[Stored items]
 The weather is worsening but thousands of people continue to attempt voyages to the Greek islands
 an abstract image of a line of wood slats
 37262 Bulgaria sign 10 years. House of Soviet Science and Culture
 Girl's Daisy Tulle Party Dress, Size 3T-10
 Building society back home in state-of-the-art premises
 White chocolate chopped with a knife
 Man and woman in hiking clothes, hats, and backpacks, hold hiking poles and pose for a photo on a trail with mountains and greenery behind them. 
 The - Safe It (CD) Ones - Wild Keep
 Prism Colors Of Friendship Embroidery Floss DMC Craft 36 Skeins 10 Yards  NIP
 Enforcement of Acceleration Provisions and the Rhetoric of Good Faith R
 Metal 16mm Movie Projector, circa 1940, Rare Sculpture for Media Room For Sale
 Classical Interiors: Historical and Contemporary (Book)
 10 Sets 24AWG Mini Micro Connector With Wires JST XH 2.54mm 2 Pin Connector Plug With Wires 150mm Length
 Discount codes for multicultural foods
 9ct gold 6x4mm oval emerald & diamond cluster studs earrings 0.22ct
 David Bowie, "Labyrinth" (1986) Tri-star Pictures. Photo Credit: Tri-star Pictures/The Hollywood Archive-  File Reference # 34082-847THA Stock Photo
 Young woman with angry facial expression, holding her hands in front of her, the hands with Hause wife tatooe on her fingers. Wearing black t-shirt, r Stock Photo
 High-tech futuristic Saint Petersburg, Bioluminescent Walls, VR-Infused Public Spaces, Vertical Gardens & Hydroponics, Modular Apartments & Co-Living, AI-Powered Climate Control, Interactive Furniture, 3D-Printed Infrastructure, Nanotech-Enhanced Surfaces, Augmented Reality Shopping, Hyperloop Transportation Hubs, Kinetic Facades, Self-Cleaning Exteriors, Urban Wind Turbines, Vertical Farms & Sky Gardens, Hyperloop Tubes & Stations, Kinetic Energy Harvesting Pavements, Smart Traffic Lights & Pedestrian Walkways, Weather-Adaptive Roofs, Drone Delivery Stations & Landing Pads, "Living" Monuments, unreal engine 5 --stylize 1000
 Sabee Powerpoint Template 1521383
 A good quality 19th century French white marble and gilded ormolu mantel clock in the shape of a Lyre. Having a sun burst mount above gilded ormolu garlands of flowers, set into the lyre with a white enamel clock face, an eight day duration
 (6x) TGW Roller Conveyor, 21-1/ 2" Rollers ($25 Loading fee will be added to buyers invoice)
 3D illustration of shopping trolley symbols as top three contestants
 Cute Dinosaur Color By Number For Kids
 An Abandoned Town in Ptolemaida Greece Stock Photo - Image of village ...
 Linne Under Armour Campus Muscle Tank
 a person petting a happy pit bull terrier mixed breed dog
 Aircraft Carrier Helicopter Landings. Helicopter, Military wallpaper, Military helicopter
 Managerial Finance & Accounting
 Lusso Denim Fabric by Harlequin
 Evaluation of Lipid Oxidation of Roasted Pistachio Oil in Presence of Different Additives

• **What you need to do**: Repeat the records above line by line, from the first line through the line that contains "Young woman with".

• **Your response**:
 The weather is worsening but thousands of people continue to attempt voyages to the Greek islands
 an abstract image of a line of wood slats
 37262 Bulgaria sign 10 years. House of Soviet Science and Culture
 Girl's Daisy Tulle Party Dress, Size 3T-10
 Building society back home in state-of-the-art premises
 White chocolate chopped with a knife
 Man and woman in hiking clothes, hats, and backpacks, hold hiking poles and pose for a photo on a trail with mountains and greenery behind them. 
 The - Safe It (CD) Ones - Wild Keep
 Prism Colors Of Friendship Embroidery Floss DMC Craft 36 Skeins 10 Yards  NIP
 Enforcement of Acceleration Provisions and the Rhetoric of Good Faith R
 Metal 16mm Movie Projector, circa 1940, Rare Sculpture for Media Room For Sale
 Classical Interiors: Historical and Contemporary (Book)
 10 Sets 24AWG Mini Micro Connector With Wires JST XH 2.54mm 2 Pin Connector Plug With Wires 150mm Length
 Discount codes for multicultural foods
 9ct gold 6x4mm oval emerald & diamond cluster studs earrings 0.22ct
 David Bowie, "Labyrinth" (1986) Tri-star Pictures. Photo Credit: Tri-star Pictures/The Hollywood Archive-  File Reference # 34082-847THA Stock Photo
 Young woman with angry facial expression, holding her hands in front of her, the hands with Hause wife tatooe on her fingers. Wearing black t-shirt, r Stock Photo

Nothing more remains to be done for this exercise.